To put this in perspective, the 1920’s was the time to forget the horrors of WWI and the astounding global loss of life to the Spanish Flu (500,000,000 infected world wide). Our COVID soup is bland in comparison.

The roaring Twenties were celebrant, extravagant, carefree, fun, and most of all pushed the world to financial collapse in 1929.

Spend, spend, spend, buy stock investments, learn new dances like the Charleston and the Collegiate, buy or build a new house, go to the movies, buy new appliances like washing machines, radios, phonographs and vinyl records, sewing machines, bet at the Long Branch racetrack, buy a new motorcar and host a gin party. Money and easy credit fuelled the flames of the roaring Twenties even in Long Branch. busy, alright, notwithstanding industrial and commercial expansions. The first bank in Long Branch was a wooden structure on the southeast corner of Long Branch Avenue and Lake Shore Blvd. Today the same location houses the Toronto Dominion Bank in the Watermark Clock Building (The Toronto and Dominion Banks amalgamated in 1955).

To handle the growing demand for financial support and tendering, a second Dominion Bank was built on the southeast corner of 40th St. and Lake Shore Blvd . It was a brick structure complete with a walk-in vault. Today the former Dominion Bank is the Fair Grounds Organic Cafe. It also was home to the Long Branch Meat market for decades.

The history of the Dominion Bank goes back to 1871, launched under the leadership of James Austin. For those of you who are familiar with the Davenport area of Toronto, James Austin’s Mansion is Spadina House on Spadina Road. Just to the south, Sir Henry Pellet’s Casa Loma is built on Austin Terrace in Austin’s namesake.
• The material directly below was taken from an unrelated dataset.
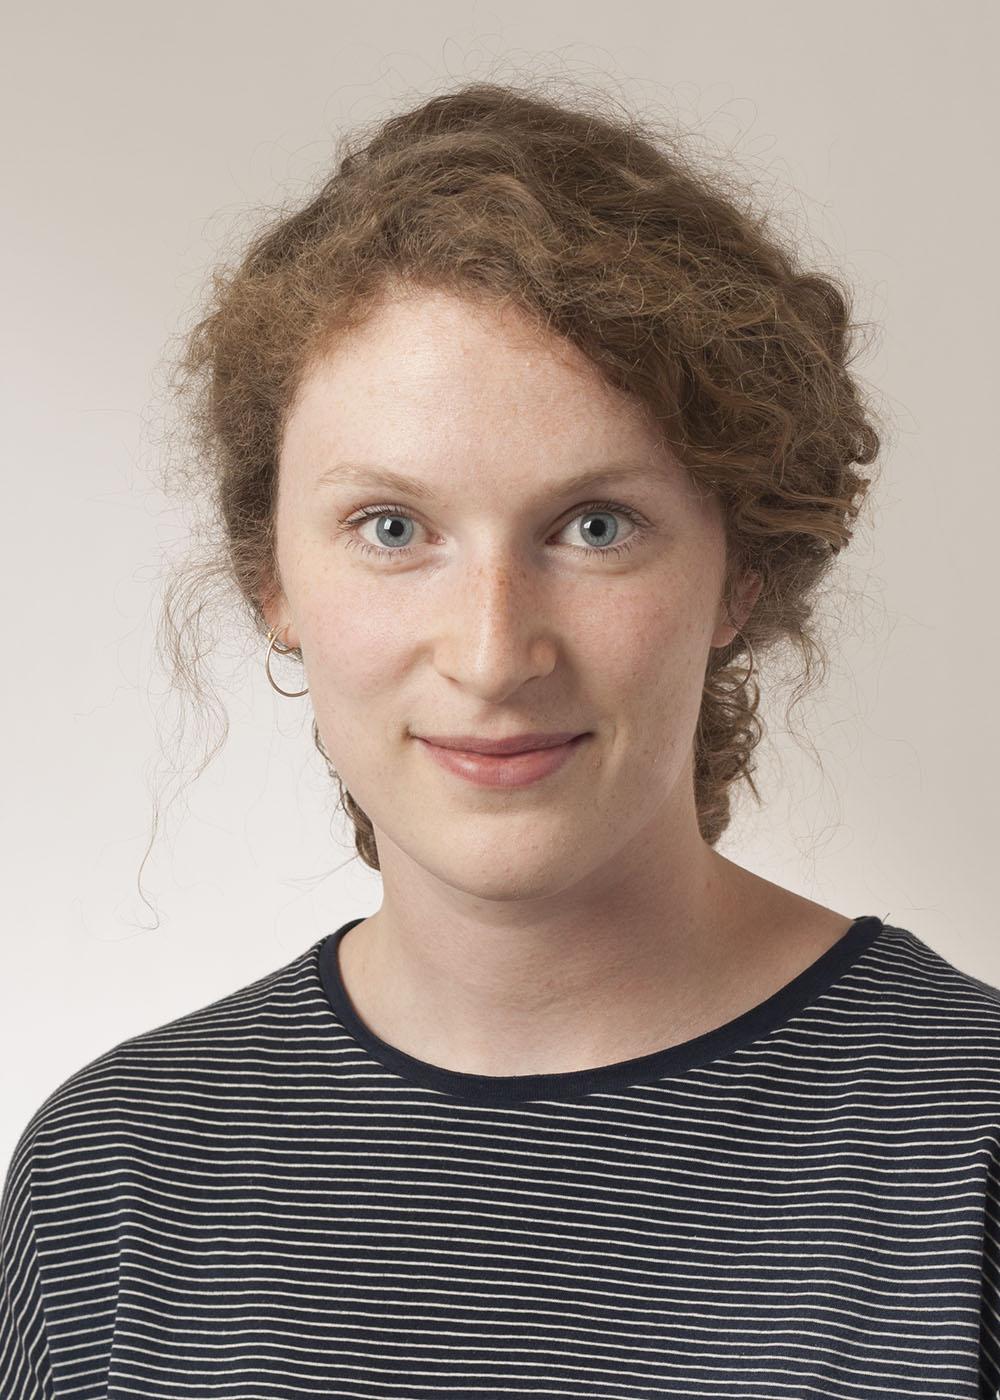 Louise Marie Kragh Dalskov

Before the Bank of Canada became the sole issuer of legal Canadian currency in 1944 the Dominion Bank bank note was the face of money in Long Branch for decades. (see illustration). The buying power of a Five Dollar Note in the 1920’s was impressive but the inflation rate was 15.6%!

Movie ticket: 15 cents. Gallon of Gasoline: 33 cents. Dozen Eggs: 47 cents. Bread: 12 cents. Postage First Class: 2 cents. Sugar 5 lbs: 35 cents. Bacon 1 lb: 47 cents. Cup of home brewed coffee: 2 cents. Entrance to the Long Branch Race Track: 1 dollar.